# Joules warehouse clearance sale



## Stacie_and_Jed (14 July 2008)

Does anyone know when this is! I know the sale is online at the moment and i thought that usually they are on around the smae time?


----------



## Kenzo (14 July 2008)

Dont know but when you find out tell me cos I'm a total joules junky!

all there clothes seem to wash really nice and never shrink or fall to bits, LOVE EM!


----------



## Stacie_and_Jed (14 July 2008)

Yeah me to!!! I will literally cry if i miss it! I went last year and spent £90 odd and worked out i had nearly £300 worth of lovely clothes, hats, pj's and more!!!


----------



## Kenzo (14 July 2008)

OH MY LIFE! really?, wow  
	
	
		
		
	


	




 I didnt even know they had a warehouse clearance to be honest.  

Where is it? is it down South? definately worth a trip down if you can save that much money.  

My wardrobe is dominated purely with Joules, if only they did more horsey stuff thought too, my friend has a joules saddle cloth and I love it, its a stripey/check with gorgeous colours and the quality is brilliant, think she got it from an outlet store, the one in York, McAurther Glen I think it was.


----------



## teapot (14 July 2008)

Tends to be in Market Harborough or around that area.
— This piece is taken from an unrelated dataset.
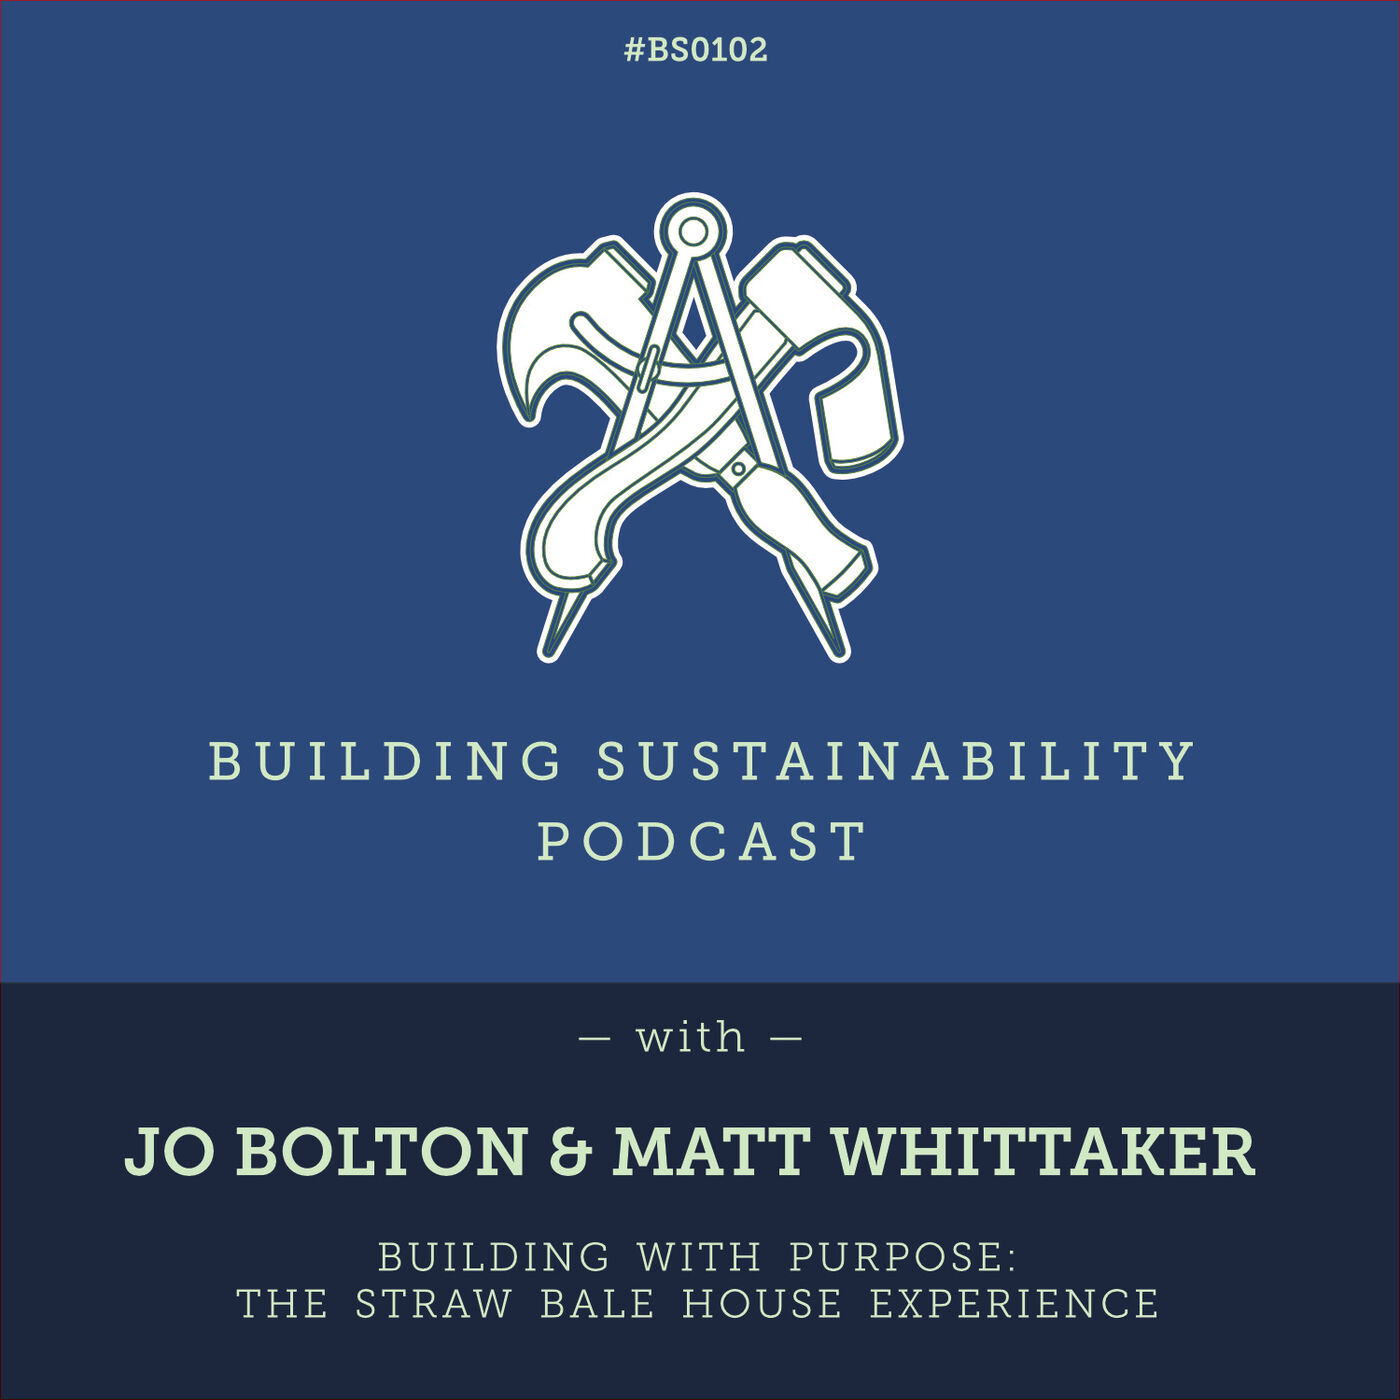 Building with Purpose: The Straw Bale House Experience - Jo Bolton & Matt Whitaker - BS102

If you're on the mailing list you should hear something if they're doing one


----------



## Stacie_and_Jed (14 July 2008)

[ QUOTE ]
Tends to be in Market Harborough or around that area. If you're on the mailing list you should hear something if they're doing one 

[/ QUOTE ]

Oh i was put on the mailing list last year so hopefully ill hear! 

Thank you for that.


----------



## johannapage (14 July 2008)

we have a joules clearance store not far from us....hehe its LOTS of fun going to have a peek!


----------



## sallyellis (14 July 2008)

WHERE is the Joules Clearance store in Somerset, I never knew there was one????


----------



## teapot (14 July 2008)

[ QUOTE ]
WHERE is the Joules Clearance store in Somerset, I never knew there was one???? 

[/ QUOTE ]

It's in Street at the Clarks outlet village


----------



## sallyellis (14 July 2008)

Oooh thanks for that might have to go and have a little look


----------